Introduction
GeoCLEWs offers an extensive set of beneficial features for developers and users to process high-resolution land and water data for Climate, Land, Energy, and Water systems (CLEWs) modelling. This tool provides:
- Detailed representation of land and water systems using high-resolution Global Agro-Ecological Zones (GAEZ v4) datasets and Food and Agriculture Organization of the United Nations (FAOSTAT), facilitating the development of CLEWs models in a clewsy-compatible format.
- Implementation of customized geographical aggregation and Agglomerative Hierarchical clustering to capture cross-regional interdependencies and streamline computational complexity.
- Automation of data collection, preparation, processing, and result generation across arbitrary geographical regions, reducing manual effort and minimizing errors in WEF assessments.
- Integration of agro-climatic data for additional crops and scalability in aggregating administrative regions.
- Promotion of sustainable collaboration through the use of open-source tools and datasets.
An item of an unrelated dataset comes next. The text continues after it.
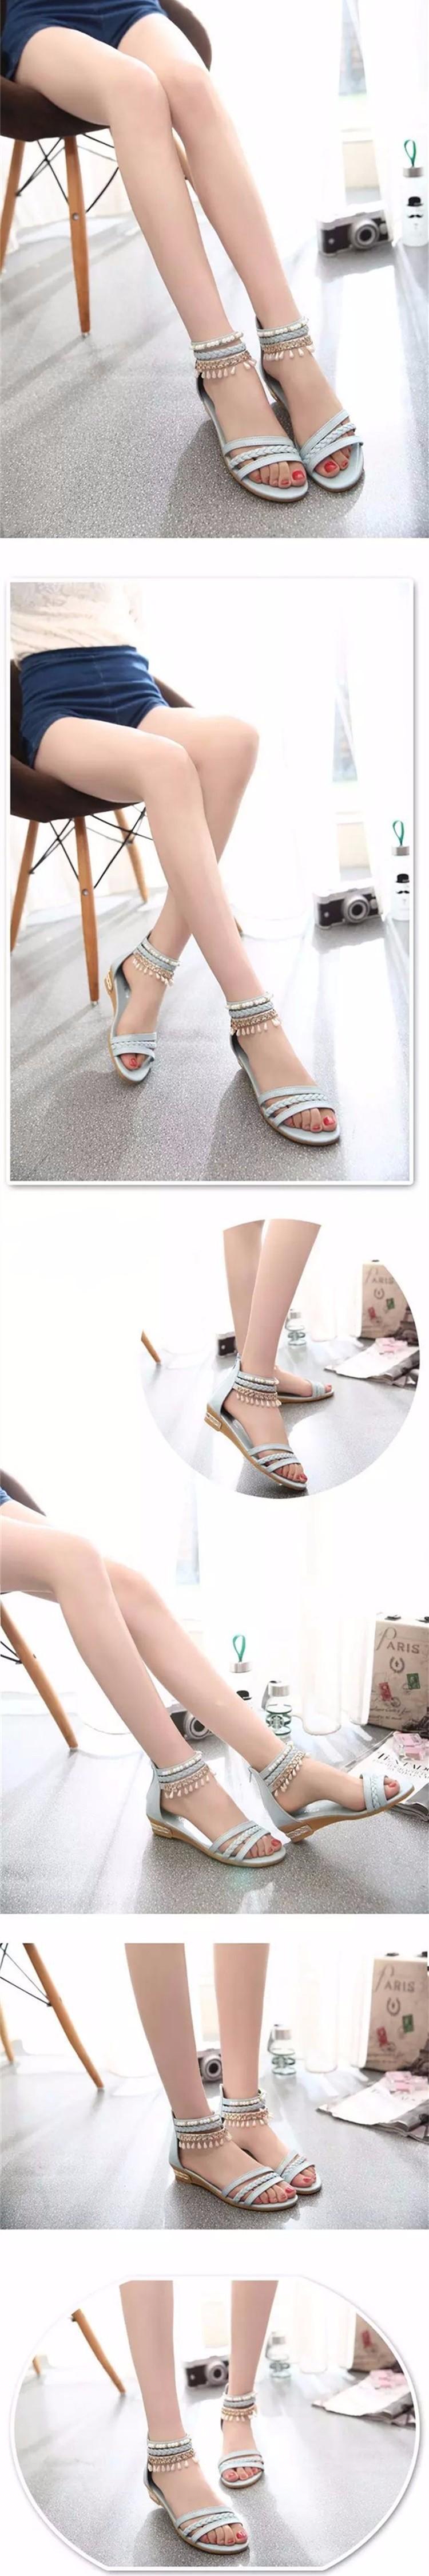 Hot Sale 2016 Summer Sweet Fashion Roman Beads Woman Sandals Leisure Peep Toe Wedges Shoes Wild Comfortable Ladies Sandals DT141 (7)

GeoCLEWs is openly licensed under the MIT License, providing transparent, self-descriptive, and reproducible scripts and essential supplementary documents to encourage user contributions.
GeoCLEWs performs processing and calibration of agro-climatic potential yield, crop water deficit, crop evapotranspiration, precipitation, and land cover. Outputs can be efficiently combined with additional data for CLEWs modelling, such as electricity information, to create a detailed CLEWs model without implementing complicated and time-consuming spatial processing. Jupiter Notebook code provides a comprehensive and detailed explanation of the processing steps involved.
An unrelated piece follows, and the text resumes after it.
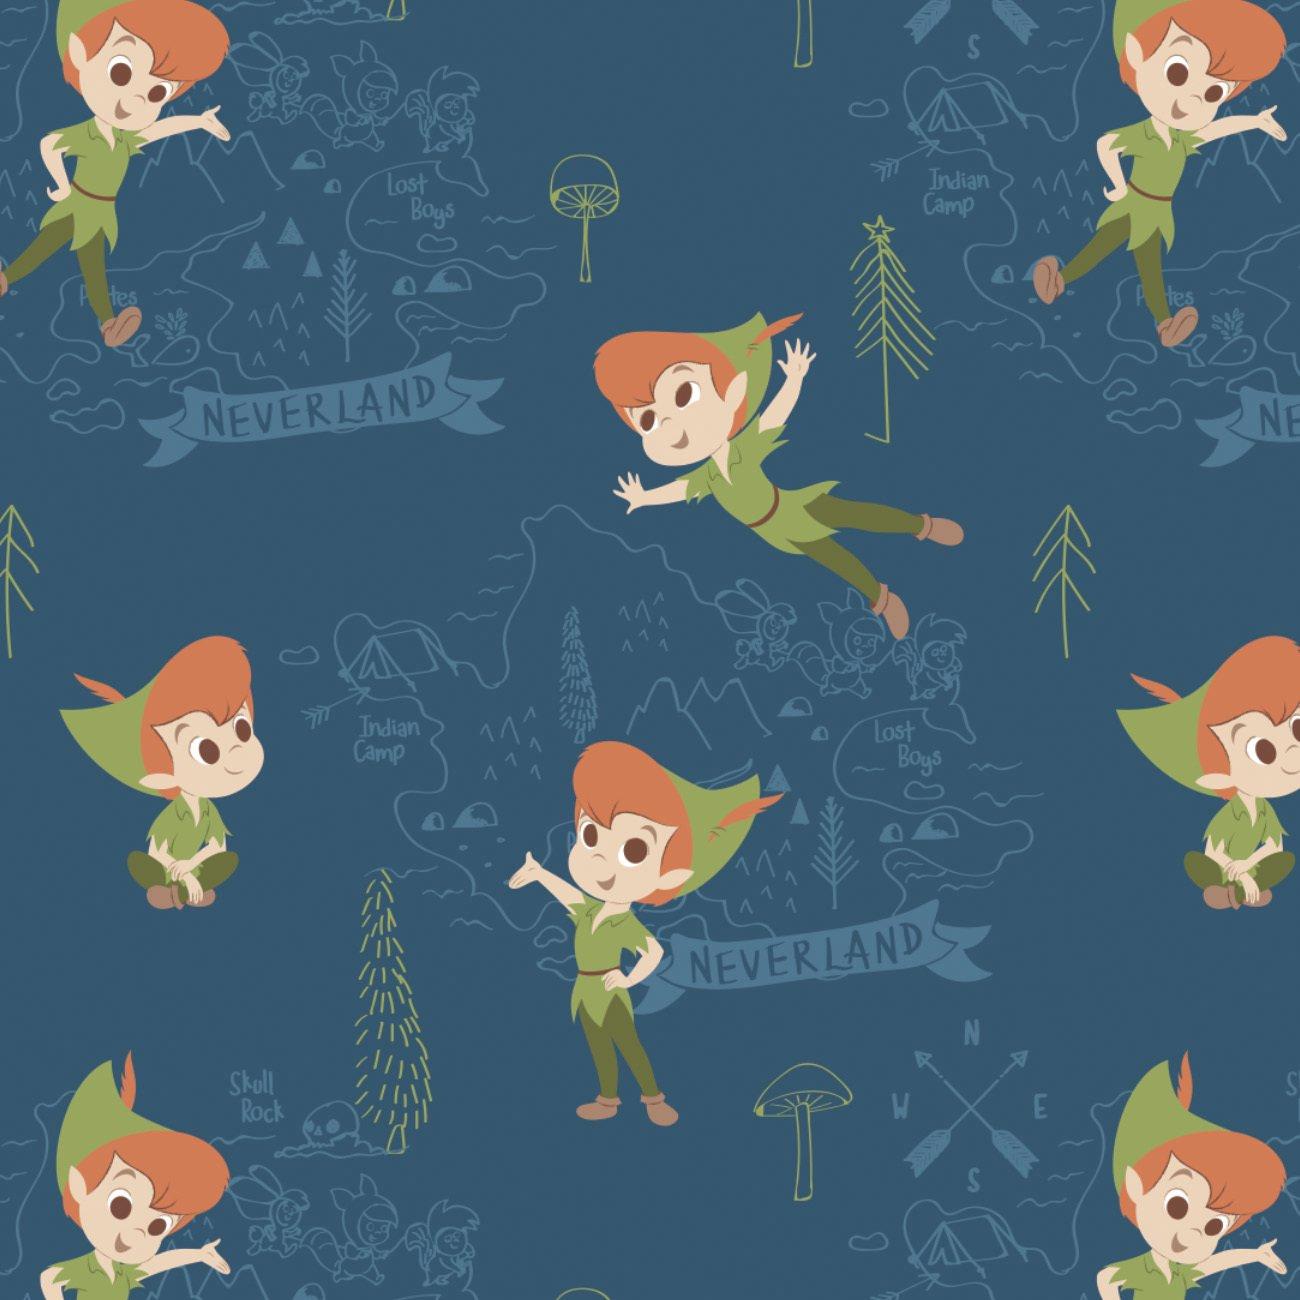 CF-Peter Pan & Tinkerbell 85330201B-03 Blue - Neverland Adventures Flannel

Note: GeoCLEWs has been successfully tested and verified on Windows machines. However, there may be incompatibility issues with other operating systems due to differences in Python packages or their versions.
Contributors:
Yalda Saedi - Developer
Taco Niet - Supervisor
Release Notes
Version 2.0.0 (July 2024):
- Spatial Clustering: Implements spatial clustering to capture cross-regional interdependencies and reduce computational complexity.
- Optimal Clusters Identification: Generates dendrograms and elbow graphs to identify the optimal number of spatial clusters.
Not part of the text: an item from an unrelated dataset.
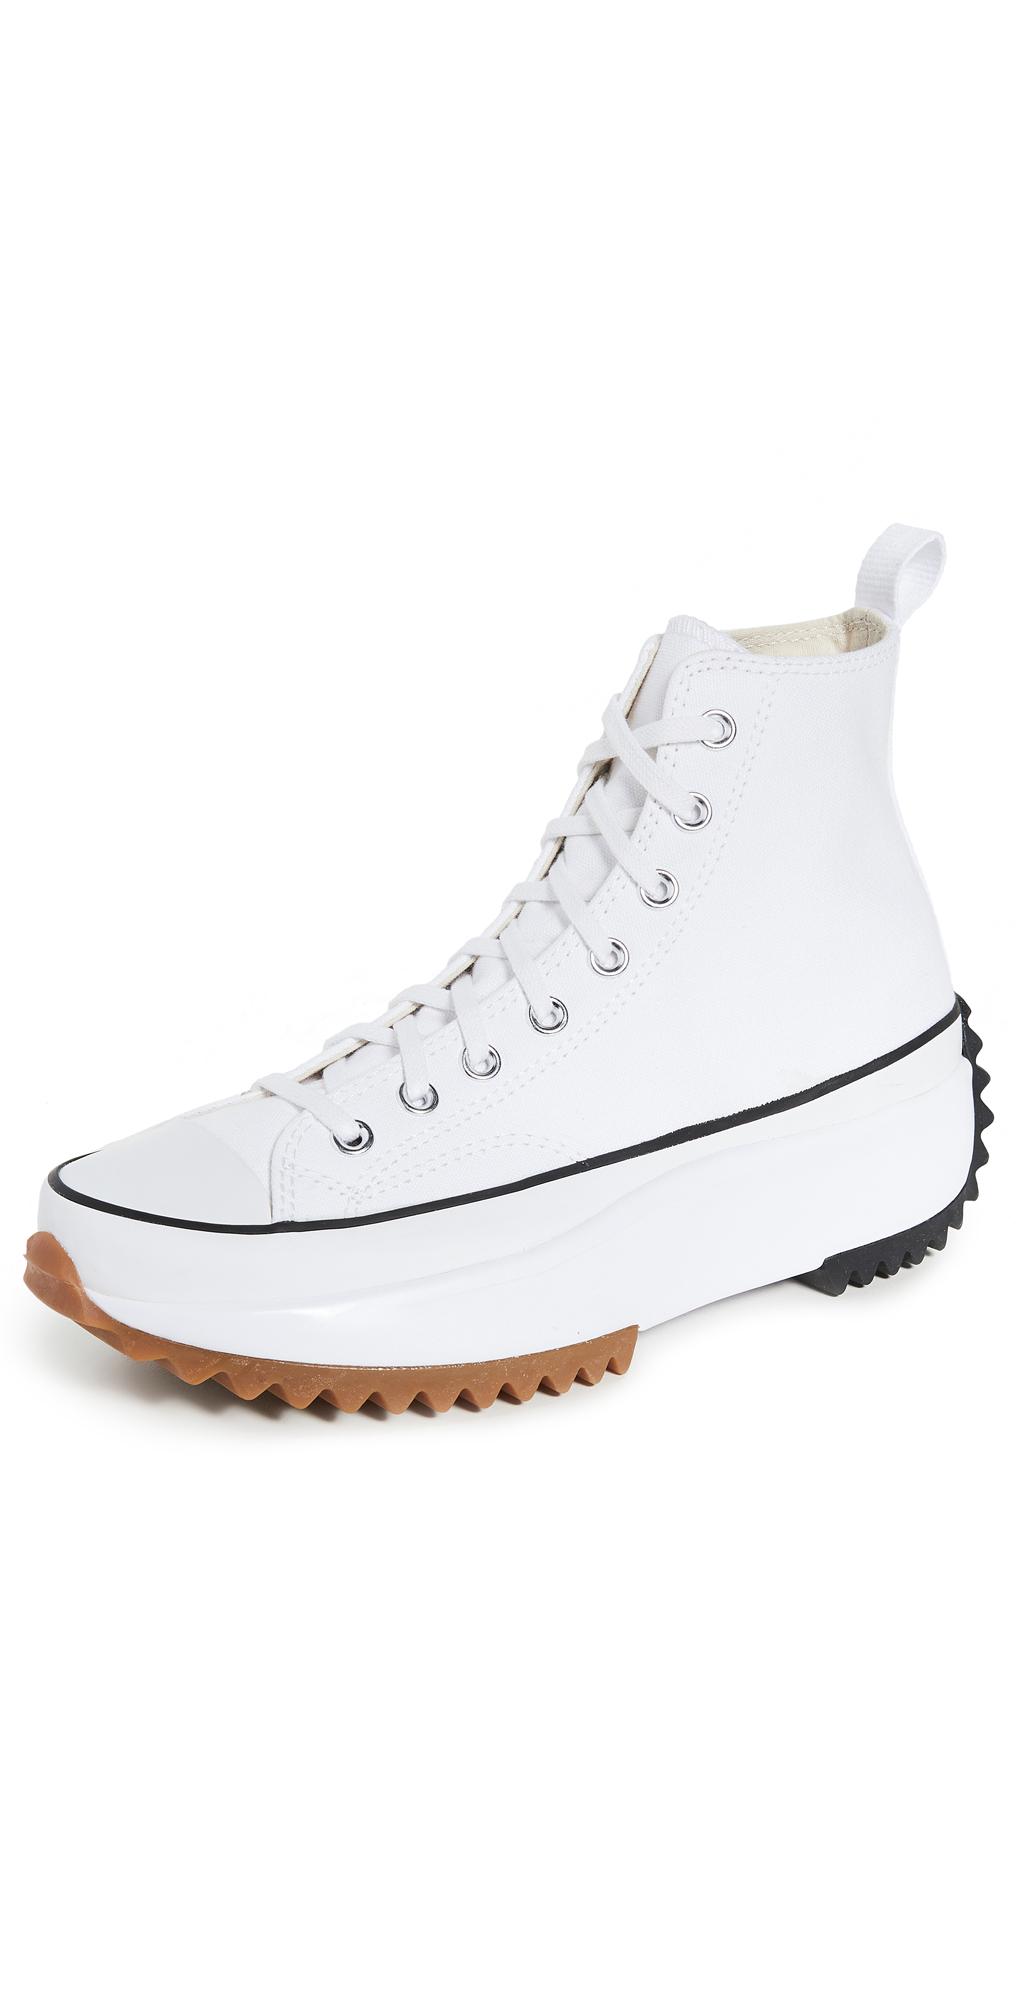 Converse Run Star Hike Hightop Sneakers

- Cluster Classification: Classifies regions into clusters based on agro-climatic potential yield patterns and soil suitability.
- CLEWs-Compatible Outputs: Generates CSV files for individual clusters in each region, providing statistics on land cover, precipitation, crop potential yield, water deficit, and evapotranspiration.
Version 1.0.0 (December 2023):
- Crop Identification: Identifies primary crops using FAOSTAT data, including agro-ecological stats for five additional crops.
- GAEZ Data Collection: Automates data extraction and preprocessing from GAEZ datasets.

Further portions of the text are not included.